Hulk Hogan’s Rock ‘n Wrestling – A Look Back


In the mid 80s there wasn’t much of anything that was more front and center of the pop culture zeitgeist than professional wrestling. The popularity of wrestling, specifically the WWF, was white hot and off the charts thanks to their crossover with MTV and the “rock ‘n’ wrestling connection” which started off as a bit on Roddy Piper’s “Piper’s Pit” when “Captain” Lou Albano – a “heel” (bad guy) manager claimed that he was pop star Cyndi Lauper’s manager.  The story of how that all played out – how Mr. T became involved, how the first Wrestlemania got its main event – is a story unto itself and deserves its own multi-part look back.  But for our purposes here all we need to know is “rock ‘n’ wrestling” was a thing and it was a very popular thing at that.

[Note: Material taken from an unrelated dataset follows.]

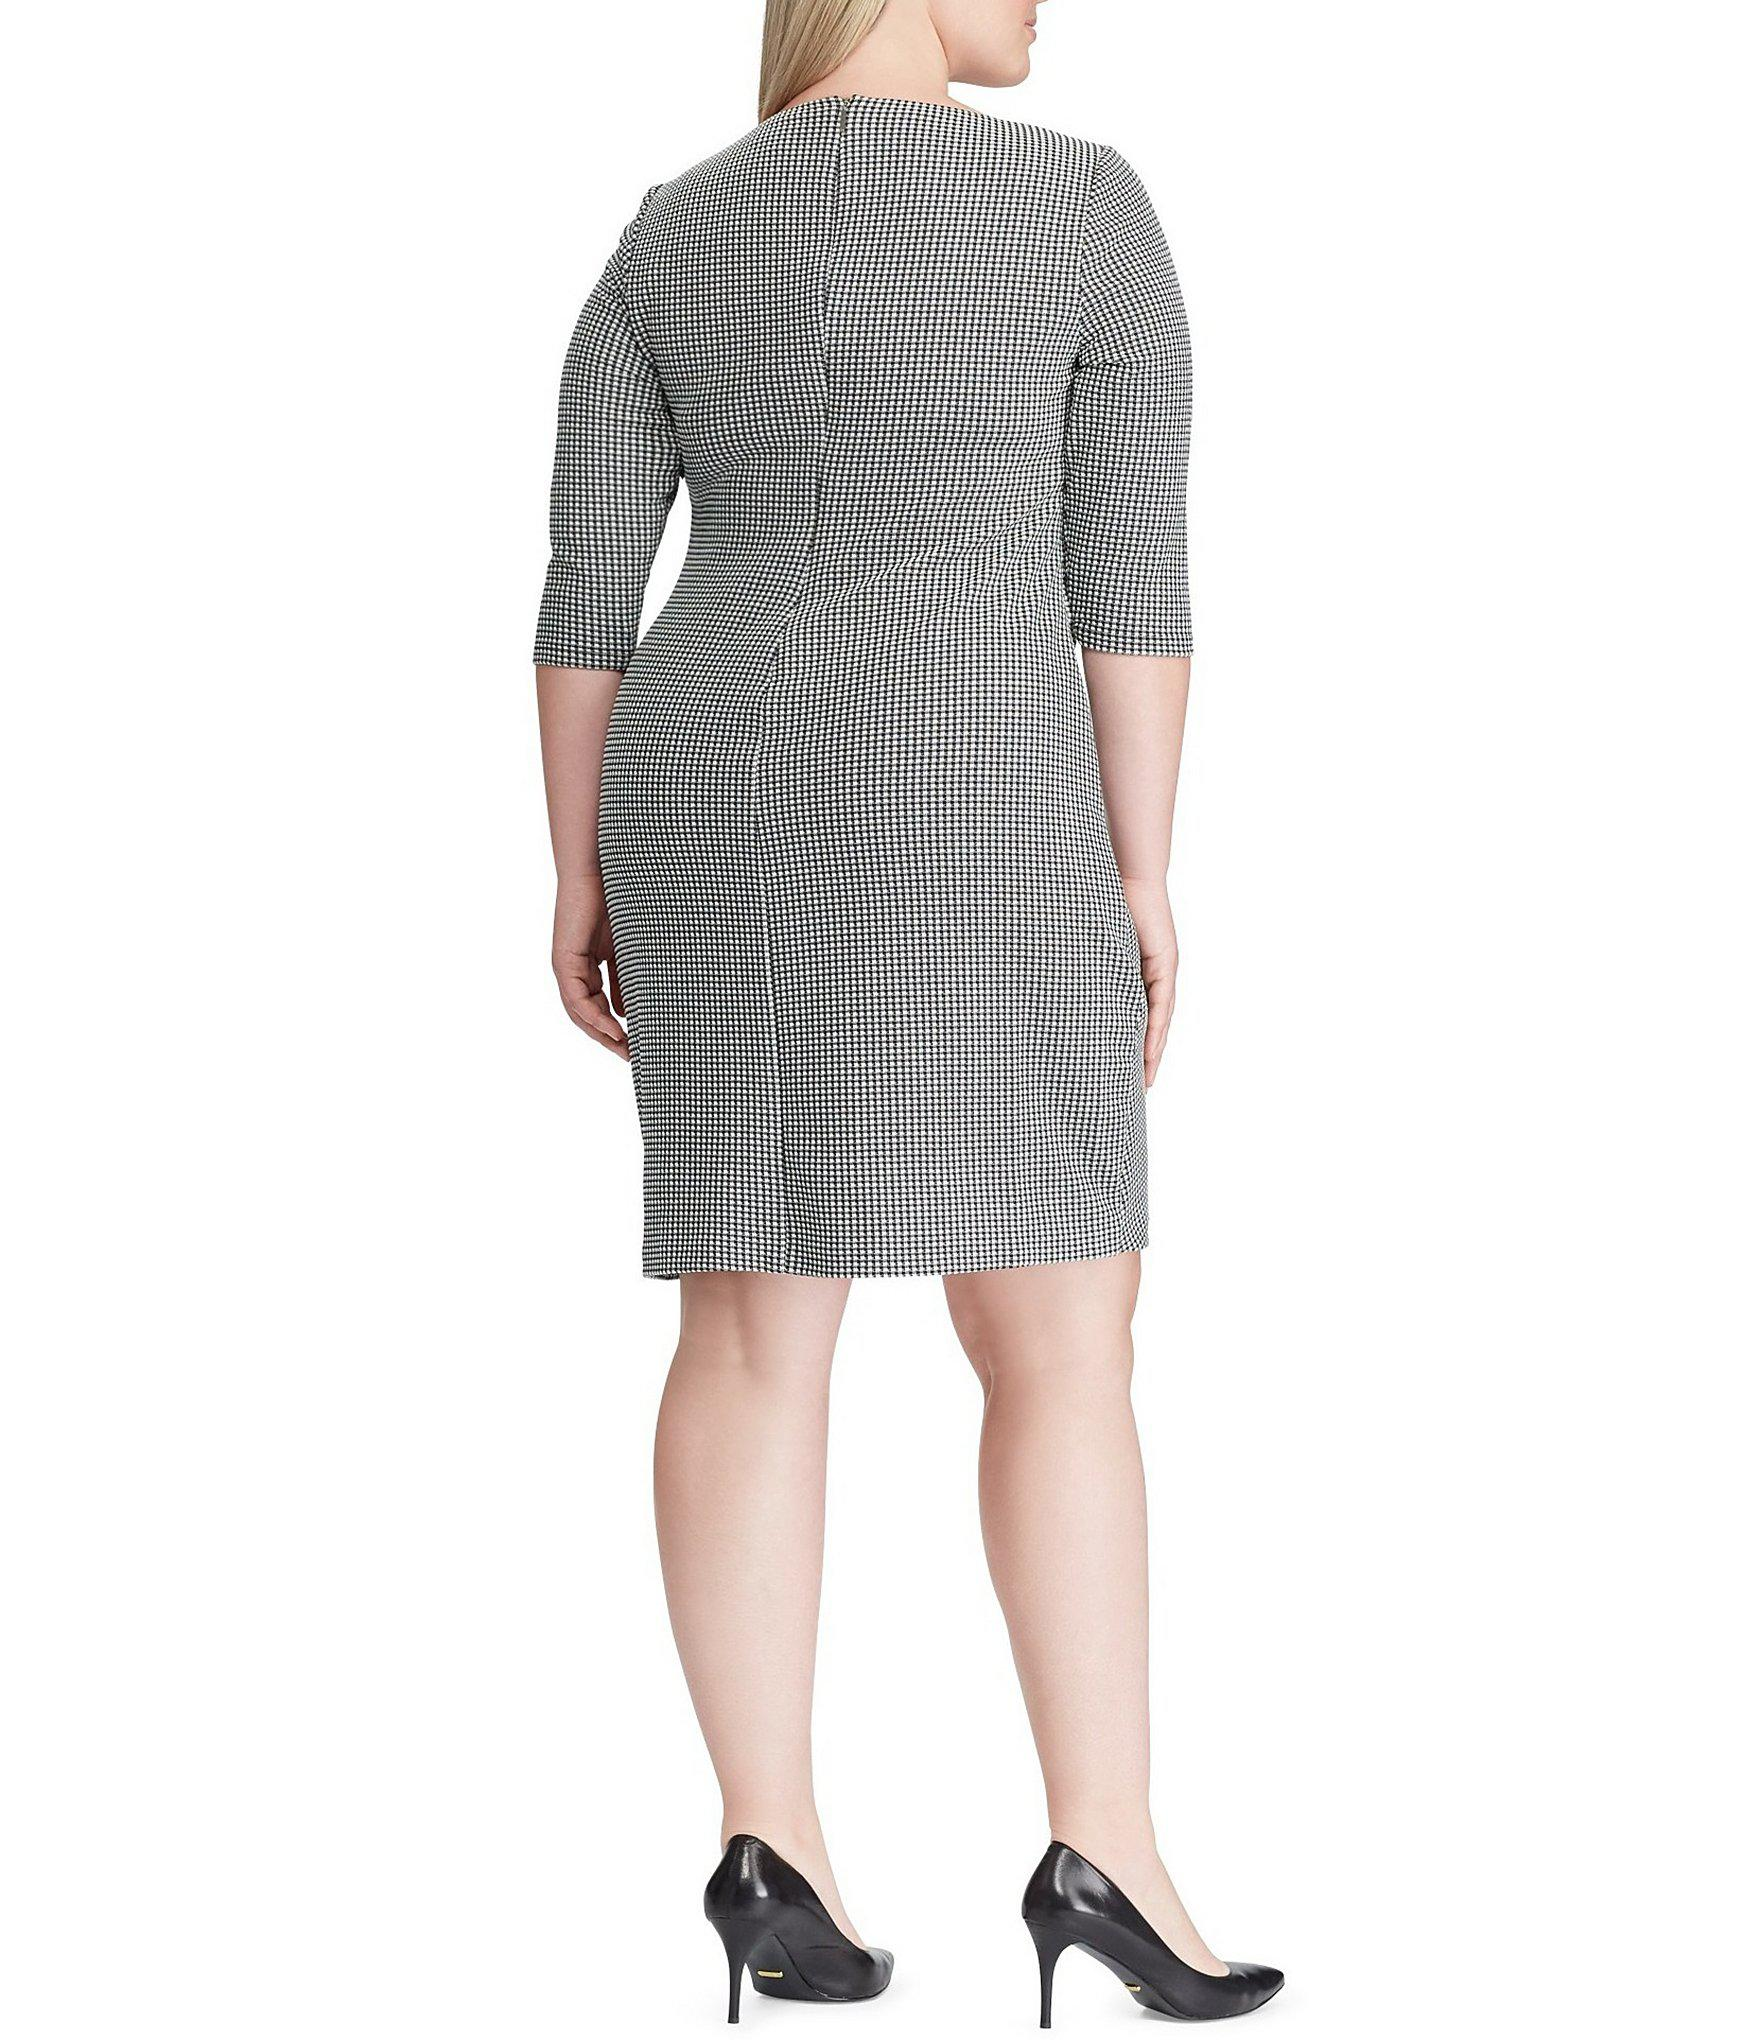 Lyst - Lauren By Ralph Lauren Plus-size Houndstooth Jacquard ...

To extend the reach of the brand, the WWF partnered with DiC Entertainment and CBS in the fall of 1985 and bestowed upon us one of the most most loved and cherished cartoons of all time.  Well, they COULD have, instead they gave us two seasons and 26 episodes of Hulk Hogan’s Rock ‘n’ Wrestling from September of 85 to December of 86, with reruns lasting through June of 1987.  Each episode was 30 minutes long and had live-action sketches mixed around the animated segments.  Ordinarily this wouldn’t be that big of a deal and, in fact, should have been a plus, but, because of their travel schedules, the wrestlers whose likenesses were in the cartoon weren’t able to record the voices for their characters.  This resulted in, for the most part, two jarringly different sounding voices within moments of one another.  The closest voice was Hulk himself who was voiced by Brad Garrett who would become Ray’s brother on Everybody Loves Raymond but was, at the time, just doing voice over work.  As a side note, The Junkyard Dog was voiced by James Avery who would go onto become “Uncle Phil” on The Fresh Prince of Bel-Air. Most interestingly, it was Cyndi Lauper, along with her then manger-boyfriend Dave Wolff, who came up with the concept of the show and would sometimes appear as herself in the episodes.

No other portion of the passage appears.